Her family has been, without rhyme or reason, planting in Mississippi and Louisiana since the late 1800s. On a grant from the British Crown, her great-grandfather moved to a farm in Athens, Louisiana, from Windsor, U.K., after a career as Queen Victoria’s personal bodyguard.

Michelle’s grandmother kept a garden on her family’s 40-acre farm near Monroe, Louisiana. They lived five miles outside of town, and people would drive out on Sunday afternoons to look at her flowers.

There was no Home Depot or Lowe’s to buy seeds or buds.

“Everything she had, she had acquired or people had given her,” Michelle said.

And what she had acquired, she gave to others. Crinum lilies, which Michelle said came from her grandmother’s garden, now grow at Catmandu. She got them when she lived in Nashville, Tennessee, and took them with her when she moved to Asheville, North Carolina, and Covington, Louisiana.

When she and John moved to Natchez, they had to temporarily stay in an apartment before their house was ready.

“I dragged the lilies down in pots and put them on the patio,” she said about the apartment gardening arrangement.

All six of her grandmother’s daughters, called “the sisters,” also grow lilies they got from the garden in Monroe. Michelle has shared them with neighbors and friends, and the people who move into the homes she and John have moved out of.

The inside of her house is filled with plants her sons, Eric and Ivan, have given her.

“The most wonderful plants I have were given to me,” she said. Michelle also said she’s been asking her sons to stop giving her house plants because the upkeep for all of them has become very time-consuming.

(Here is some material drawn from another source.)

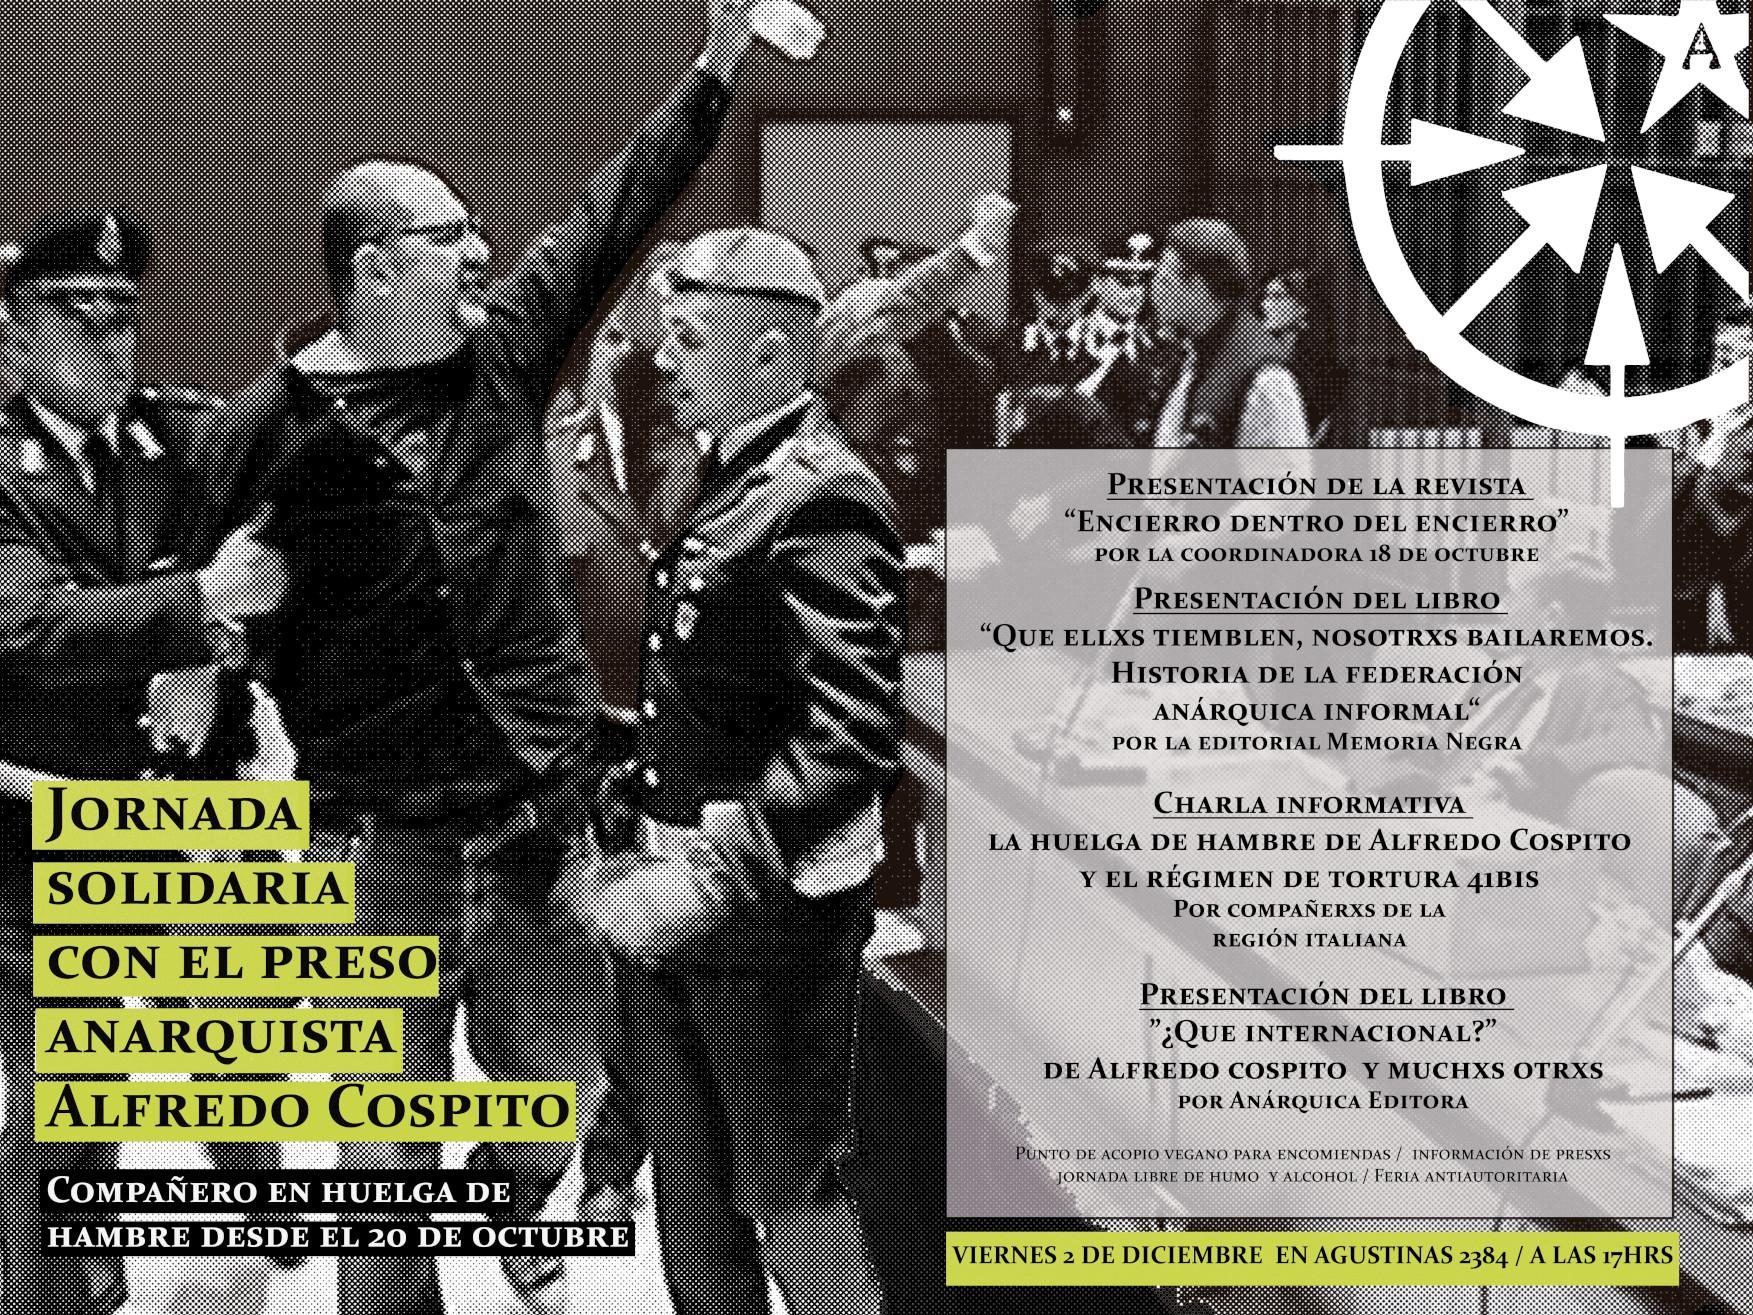 Chile: Jornada solidaria con el preso anarquista Alfredo Cospito. Compañero en huelga de hambre desde el 20 octubre.

Next to Michelle’s row of banana trees and sunflowers, her front gate is woven with Natchez blackberries and roses.

When she was originally planting her garden, she said her son knew she wanted roses. He called her one day when he found some on sale for a dollar at Walmart. It was raining that day when she picked them up.

“We were having the best time,” Michelle said about finding the roses in a rainstorm.

The Natchez blackberries, she said, are popular among people walking by her house.

There’s an old man named Jimmy, Michelle said, who eats them when he walks by. Jimmy once told Michelle it was because his mother grew them when he was young.

John once asked Michelle who he was.

“That’s Jimmy. He’s visiting his mother,” Michelle remembers telling John.